So, the “slope” \(\beta_1\) is really capturing the shift in the deterministic portion of the model from one group to the other. This coincides with the interpretation of the slope discussed in Chapter 18 — \(\beta_1\) represents the change in the mean response when moving from one group to another. That is, the slope represents the difference in the average response between the two groups.
Suppose we have a simple linear regression model (Equation 17.3) with a quantitative response and a single indicator variable as the sole predictor. Then, the intercept represents the average response for the reference group, and the slope represents the difference in the average response between the two groups.
This shift in the mean response is illustrated in Figure 21.1. The “line” is really connecting the sample mean response of each group.
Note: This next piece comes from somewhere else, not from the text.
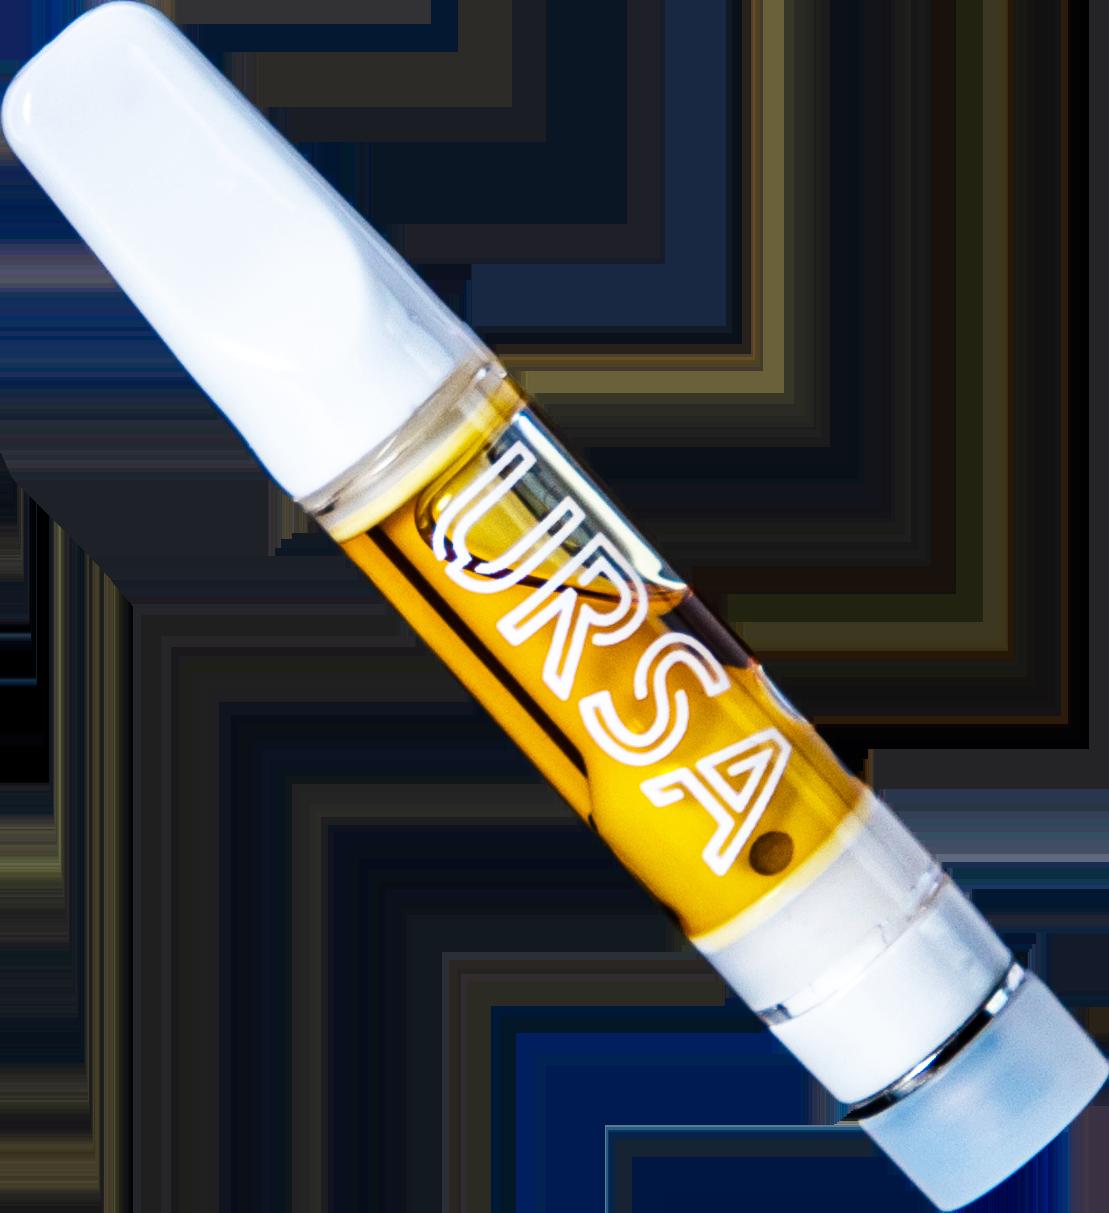 URSA Liquid Diamond Sauce Cartridge - the first 100% Live Resin Cartridge in california that is distillate-free

21.2 Including Multiple Precitors
The real power of the model in Equation 10.1 is our ability to generalize it to encompass multiple predictors and various types of relationships. That is, suppose that instead of being interested in the marginal relationship between the bracketed duration and the magnitude of the corresponding earthquake we are interested in isolating the effect of the magnitude on the bracketed duration:
On average, does the bracketed duration change as the magnitude of the corresponding earthquake changes if the location remains the same distance from the center of the earthquake?
This question is asking if there is an effect of the magnitude of the earthquake above and beyond the impact due to a locations distance from the epicenter. This question requires a model which has multiple predictors. What bracketed duration would we expect given the magnitude and epicentral distance? We extend the simple linear model to include an additional predictor:
\[(\text{Bracketed Duration})_i = \beta_0 + \beta_1(\text{Magnitude})_i + \beta_2(\text{Epicentral Distance})_i + \varepsilon_i. \tag{21.2}\]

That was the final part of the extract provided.